Task instructions: Each line of data below must be printed exactly as written, with any pictures removed.

Recorded data Block Start

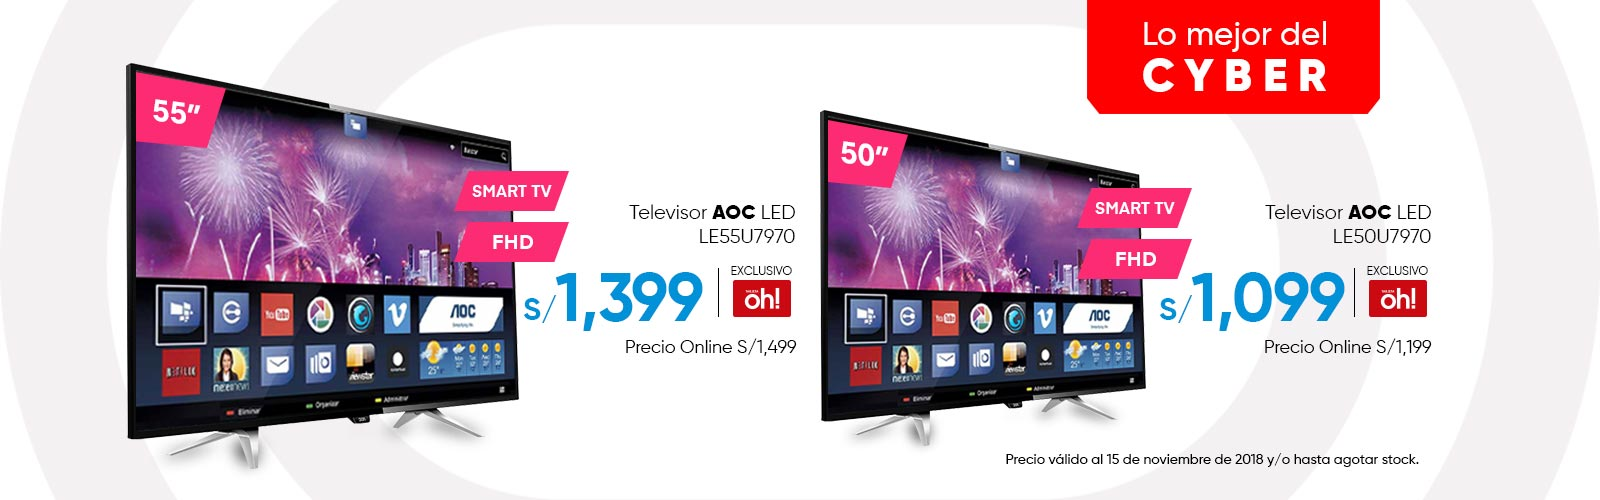 Televisores AOC
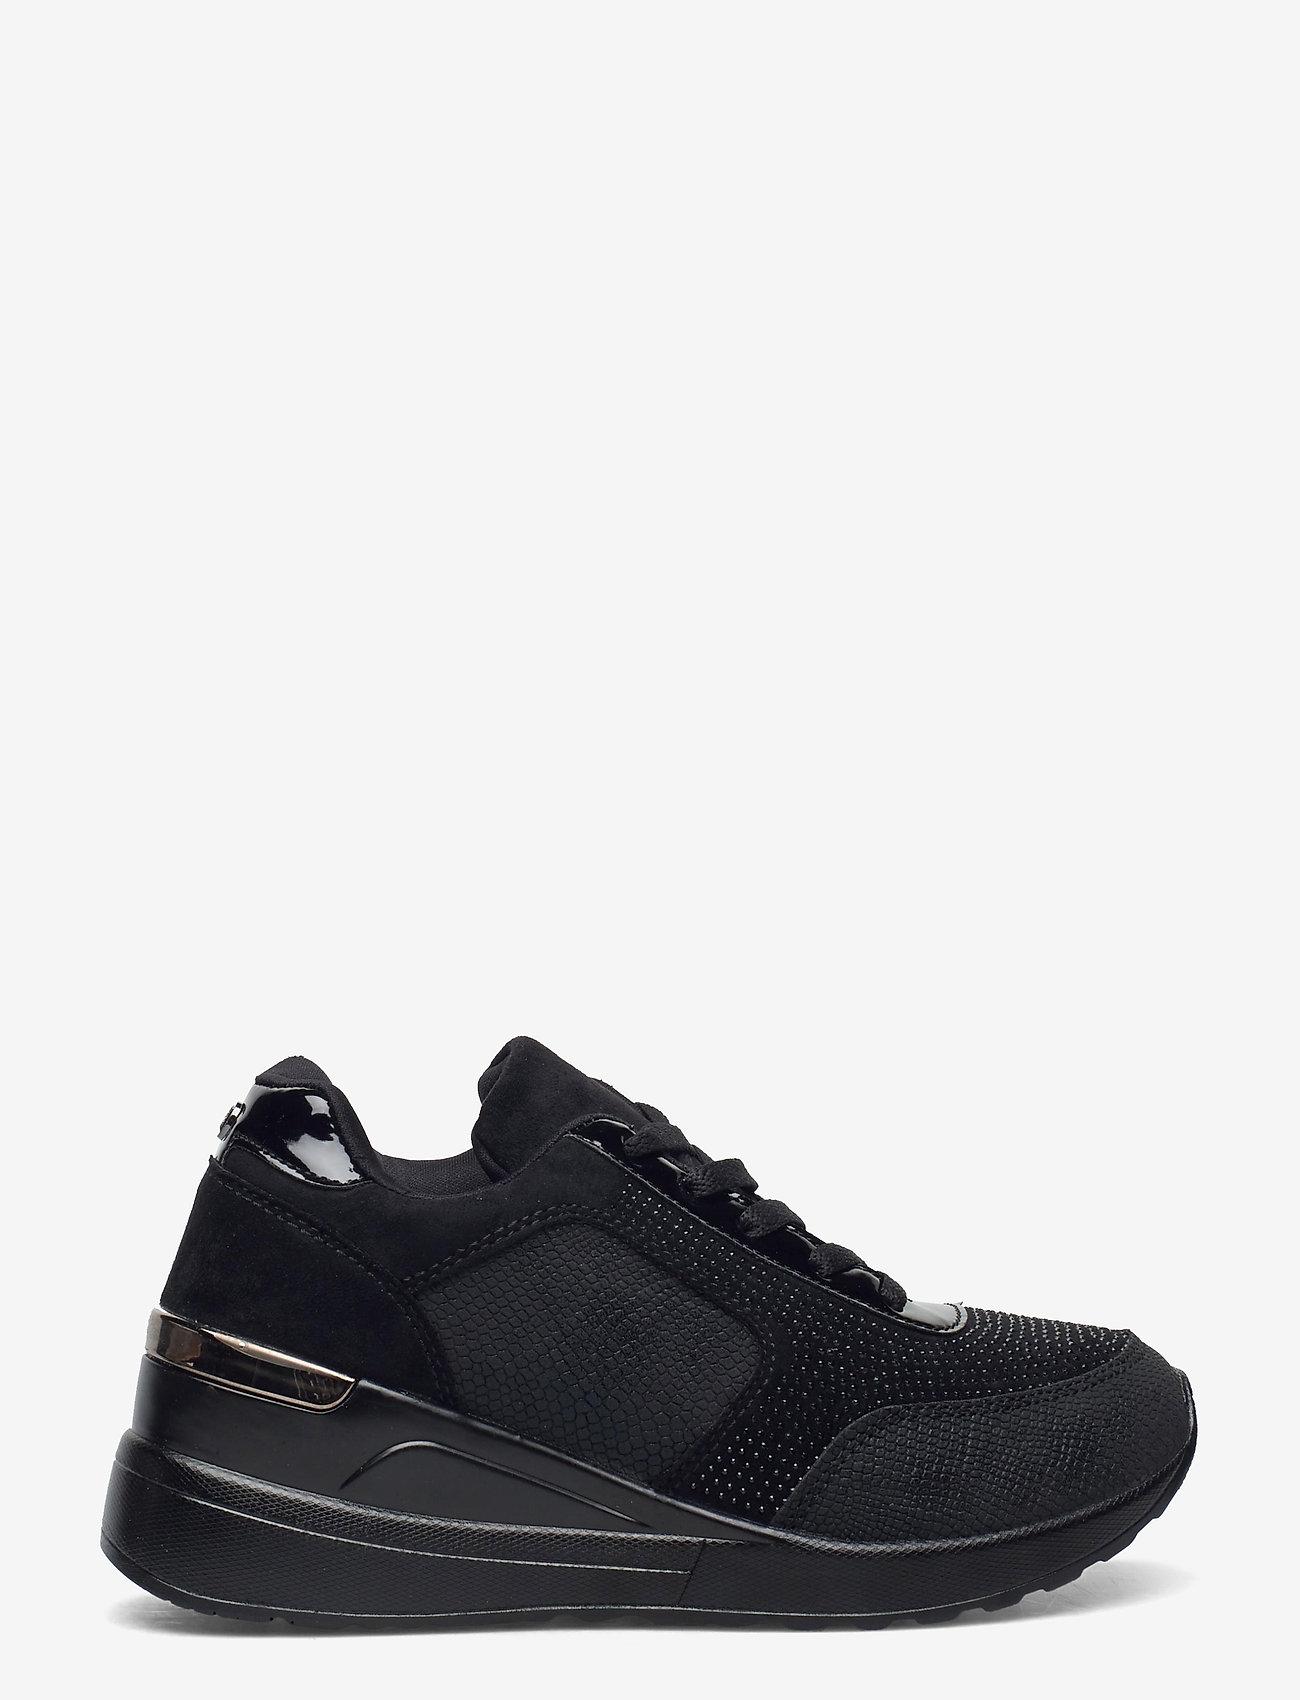 Dune London - ERIQA - lage sneakers - black - 1
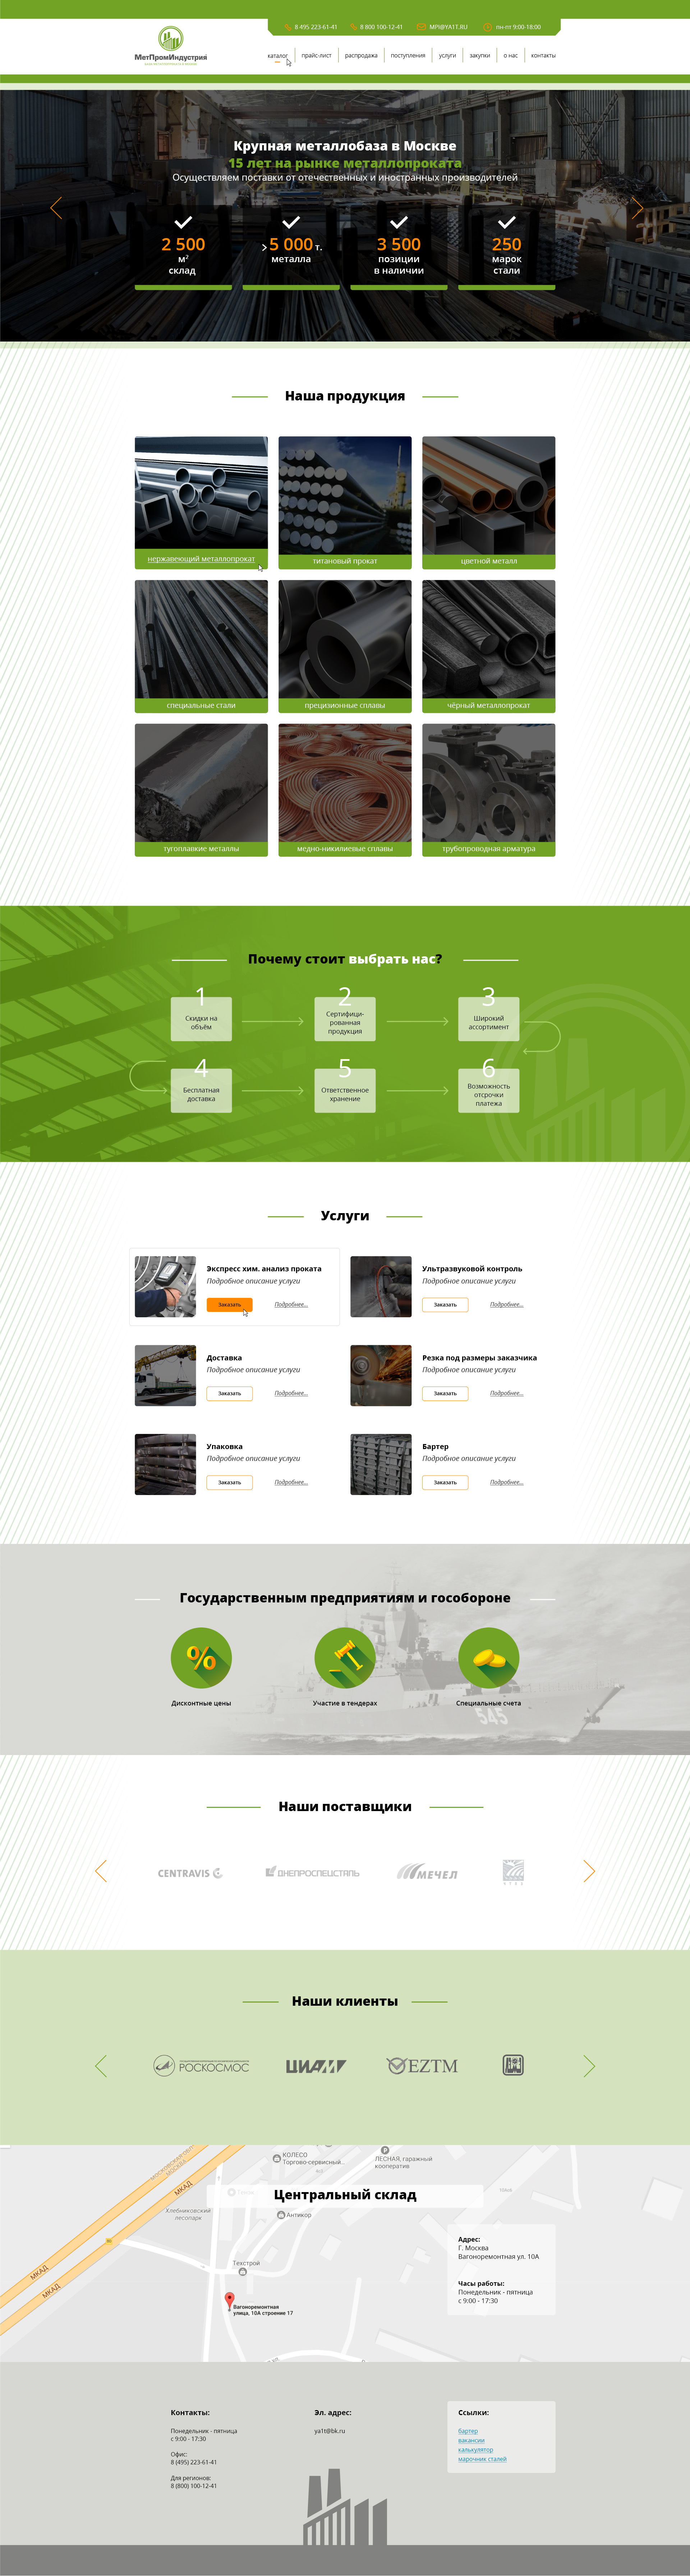 Дизайн сайта для металлоторгующей компании фото f_1245992fab4b0267.jpg

Recorded data Block End

Written reply:
 Televisores AOC
 Dune London - ERIQA - lage sneakers - black - 1
 Дизайн сайта для металлоторгующей компании фото f_1245992fab4b0267.jpg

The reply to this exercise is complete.